In addition, I am the 'office manager' of a very small RCI Resort #1203. It is a very unusual set up, we own 8 units within another timeshare and we only have to pay a fee to that resort when we use the rooms. 

Many of our owners deposit to RCI, in fact with the recent negative press about Mexico I would say MOST of our owners have been depositing to RCI rather than using at the resort.

As the primary resort representative, I am surprised that I have not had any contact from RCI regarding the upcoming changes. I literally 'know nothing' about the impact on our owners. 

I am awaiting a call or email from my first owner who happens to 'stumble upon' the new program. 

Wish me luck.


----------



## Tommart (Nov 11, 2010)

*I agree*

I bet 99 percent of RCI members are unaware of the change and I bet most of the remaining one percent who may know there's a change, do not understand the change.

I bet there will be a long wait to call into RCI Weeks for the next couple months.


----------



## b2bailey (Nov 11, 2010)

*I suggest narrowing the search to USA.*



Mel said:


> About 9 hours to go before they shut down.
> 
> I've printed out basic availability for my 5 deposits,
> 
> ...


----------



## Mjpierce (Nov 11, 2010)

*Weeks numbers*

Thursday evening at 5:34 Eastern and I am seeing 144,447 with my mid-summer cape week. 58,276 for the U.S.  That's slightly higher than its been.

Michael


----------



## SilverSandsOwner (Nov 11, 2010)

They got me good already.  I was 107k last weekend and they now have me at 47k.  Also, I have two weeks that suppose to be equal and now one is 55 and the other is at 46k.


----------



## Tommart (Nov 11, 2010)

*For the record*

I lost 200 over the past four hours.  I'm now at 102,972.

I also have 7,992 units available through a bonus week.

Last Call vacations has just under 6,400 units.

Not sure why there's a difference with these last two since both are limited to check in dates 1-45 days away.


----------



## chuckie50 (Nov 11, 2010)

My week 30  late deposit Cape Cod week is pulling 138,601 weeks as of 11:07 PM  Thursday.

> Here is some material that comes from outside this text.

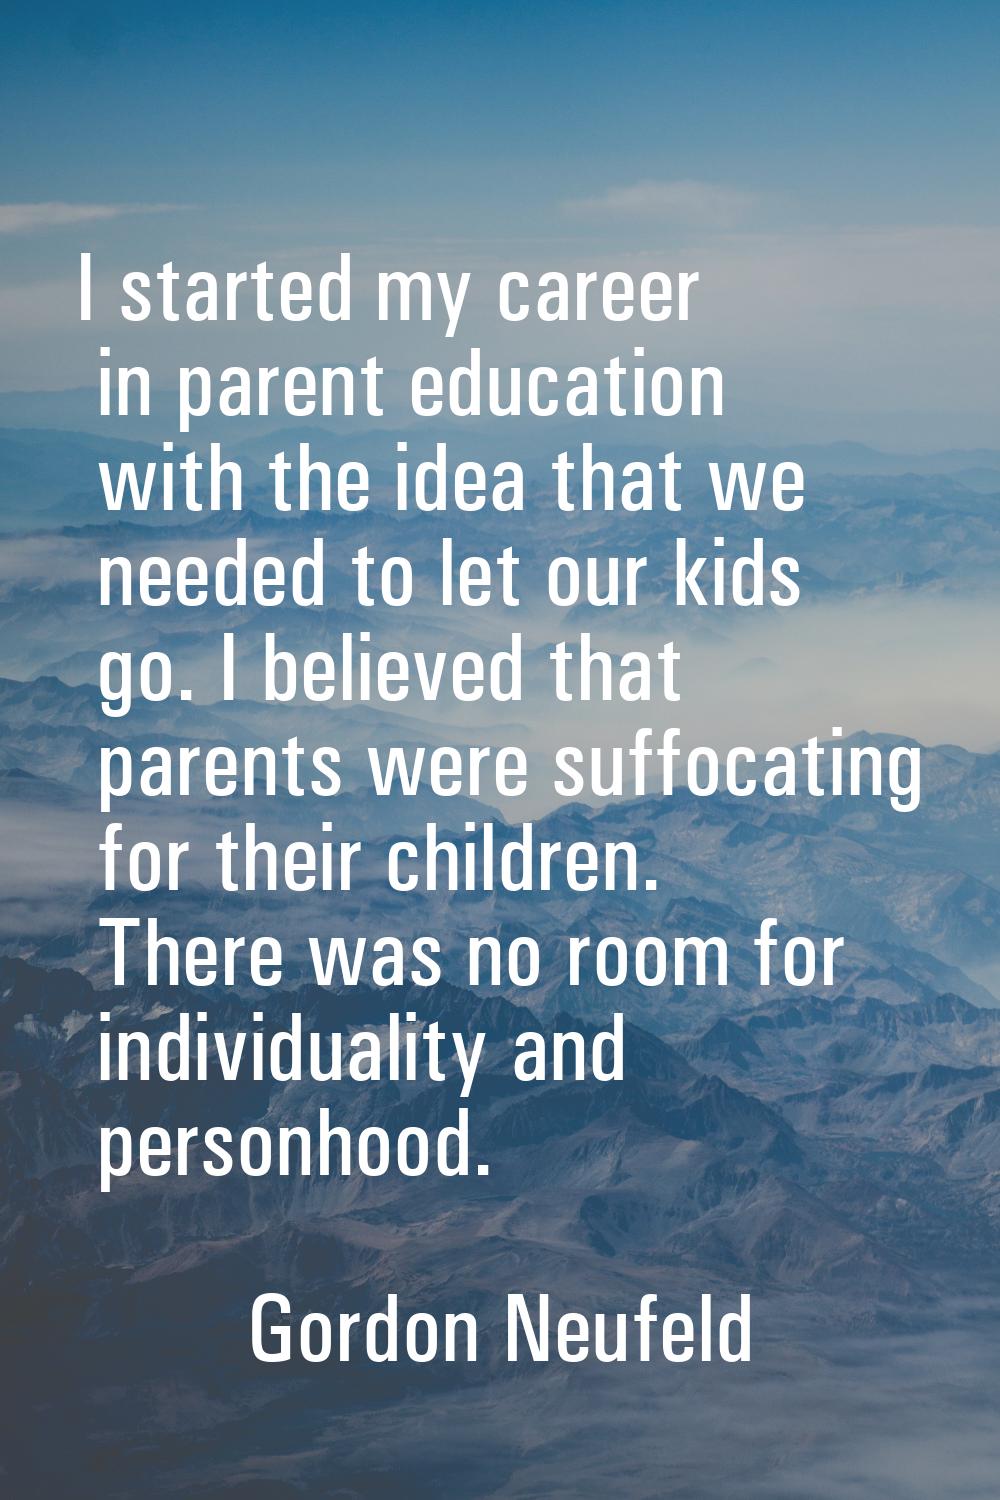 I started my career in parent education with the idea that we needed to let our kids go. I believed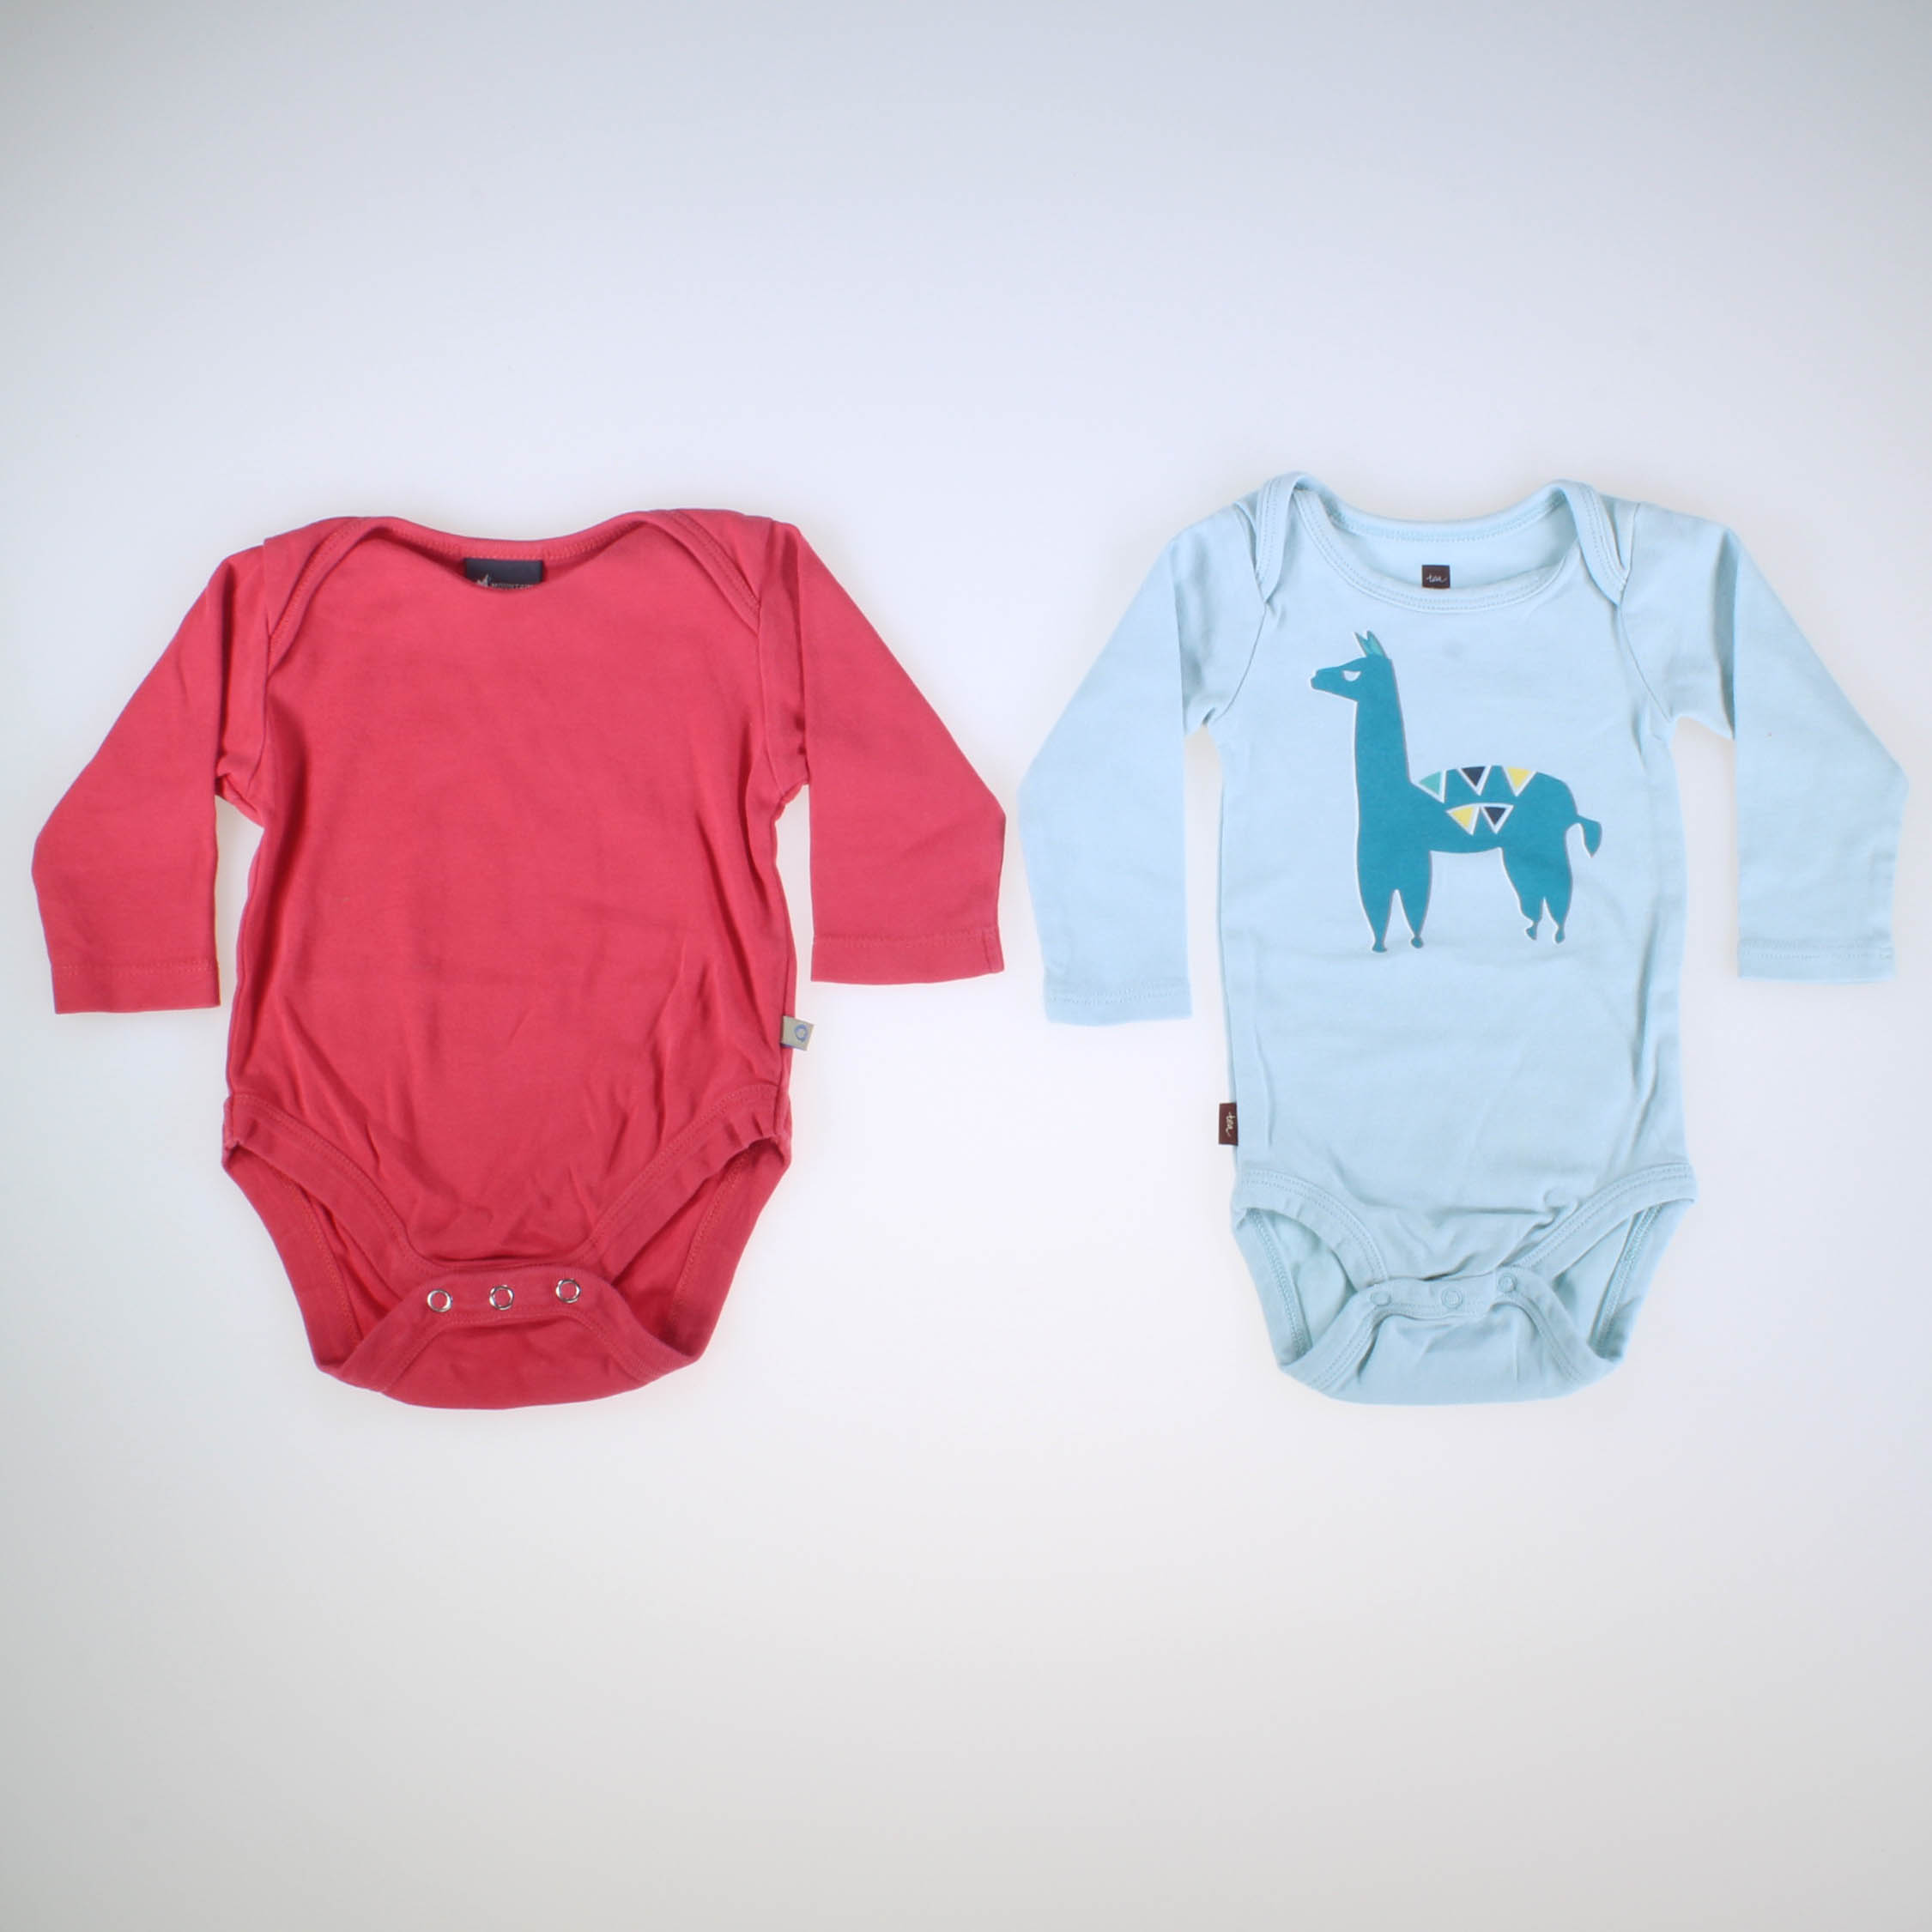 Pre-owned Tea | Mountain Equipment Co-Op Unisex Light Blue | Red Onesie size: 3-6 Months - image 1 of 1

I'll wait till after Sunday to decide if I will deposit my 2012 week.


----------



## dundey (Nov 11, 2010)

4 weeks on deposit.  3 of them have not changed much, the other one was consistent at around 132,000 - 140,000 over the last 3 months.  It was at 132,000 on Tuesday (yes I saved and printed this).  Now??

*68,000*

Should have traded it.

My friends week was just slightly higher at 142,000 available and is now at 110,000.


----------



## miamidan (Nov 12, 2010)

i expect the number of vacations i can change for to go up.  I don't expect the # i am eligible to go up.

The way I understand now is that if i own a week worth 20 i can see everything that is 20 and below.

in the future what i read is i will still see the same let's assume that is 100,000 and I take a short notice (how i normally travel) to Florida which costs 10 then I will have recieved a vacation and will still have ten left.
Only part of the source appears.